Internal waves are generally associated with drawing in cooler subthermocline water onto reef slopes (Leichter and Genovese, 2006; Wyatt et al., 2020; Diaz et al., 2023). However, recent results have demonstrated the opposite can occur, with advection of warmer surface waters down to mesophotic depths (Wyatt et al., 2020; Diaz et al., 2023). Warmer seawater temperatures can facilitate higher calcification rates until a thermal threshold is reached (Bove et al., 2020), levels of which can be dictated by various factors such as species and latitude (Cooper et al., 2012).
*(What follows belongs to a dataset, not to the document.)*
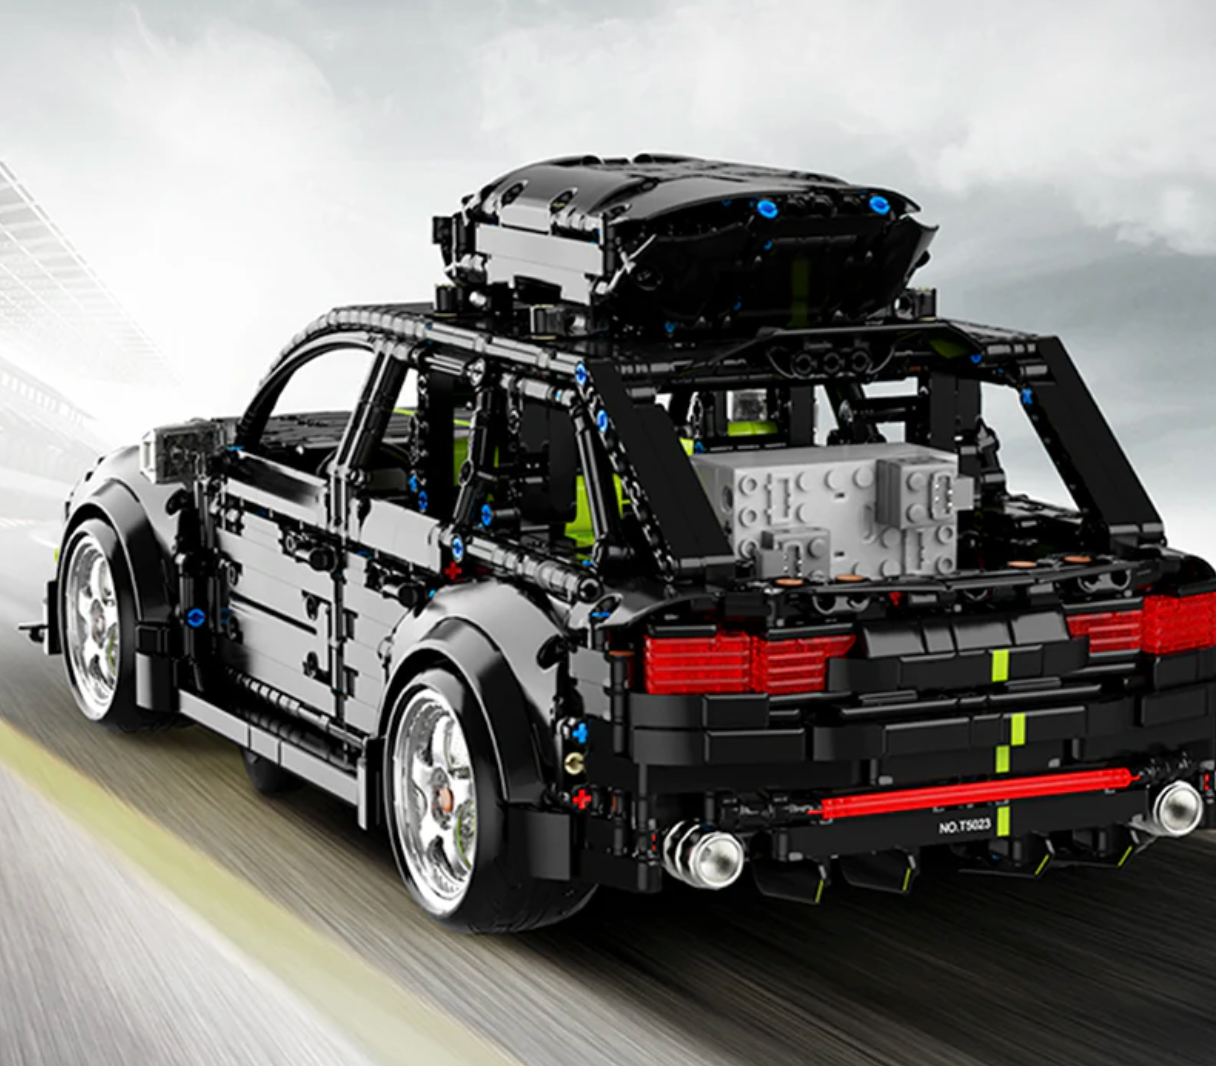 MOC LEGO Car- Audi RS6
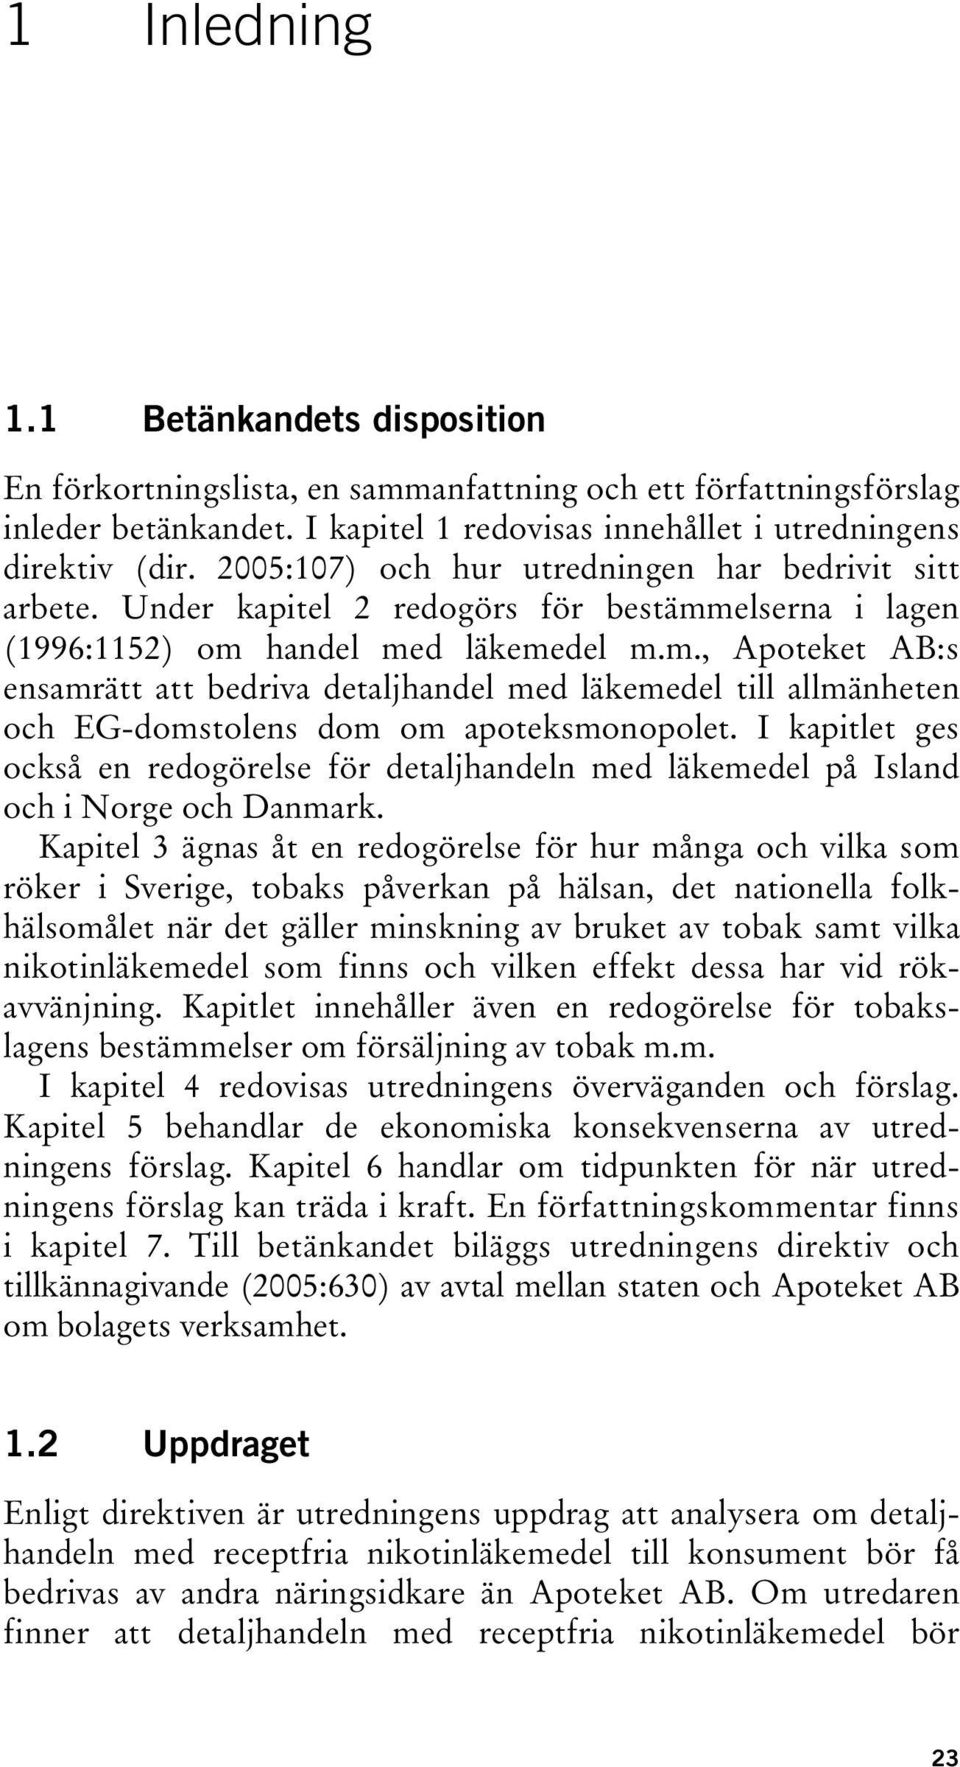 elserna i lagen (1996:1152) om handel med läkemedel m.m., Apoteket AB:s ensamrätt att bedriva detaljhandel med läkemedel till allmänheten och EG-domstolens dom om apoteksmonopolet.

A recent study of the thermal tolerance of four scleractinian corals common to Bermuda’s mesophotic reefs (Gould et al., 2021), determined there to be similar sensitives to adjacent shallow water conspecifics (i.e., similar bleaching thresholds). Therefore, the scleractinian contingent of Bermuda’s mesophotic reefs (i.e., high-latitude reefs) can tolerate increases in in situ temperatures through internal waves and potentially benefit from thermally enhanced calcification albeit to the point of reaching a thermal threshold. Thermal enhancement of cooler high-latitude shallow reefs (< 30 m) has recently been documented at the Flower Garden Banks in the Gulf of Mexico (Manzello et al., 2021). One should note that the thermal trends recorded ~ 80 km from Bermuda’s high-latitude reefs show an extension of the summer period for water ≥ 25°C by approximately a month (Bates and Johnson, 2020) with average temperatures of the upper 500 m increasing by 1.4°C within the last 50 years (Bates and Johnson, 2021). The combination of thermal variability, an increase in the summer period and potential advection of alternative carbon resources, would explain the disparities between NEC estimates presented in this study and the mean annual NEC estimate for adjacent shallow reefs (Bates, 2017).

4.2 Trophic status

The trophic response of mesophotic reefs were similar when the study sites were partitioned by location (i.e., BT1, BT2, BT3) The three locations were all accumulatively in a state of net heterotrophy for ~ 30% of the study period. The same trend was not observed when partitioned by depth range. Greater depth corresponded with a reduction in autotrophy and a stronger signal of heterotrophy (photosynthesis< respiration), as would be expected due to factors such as light attenuation limiting photosynthesis.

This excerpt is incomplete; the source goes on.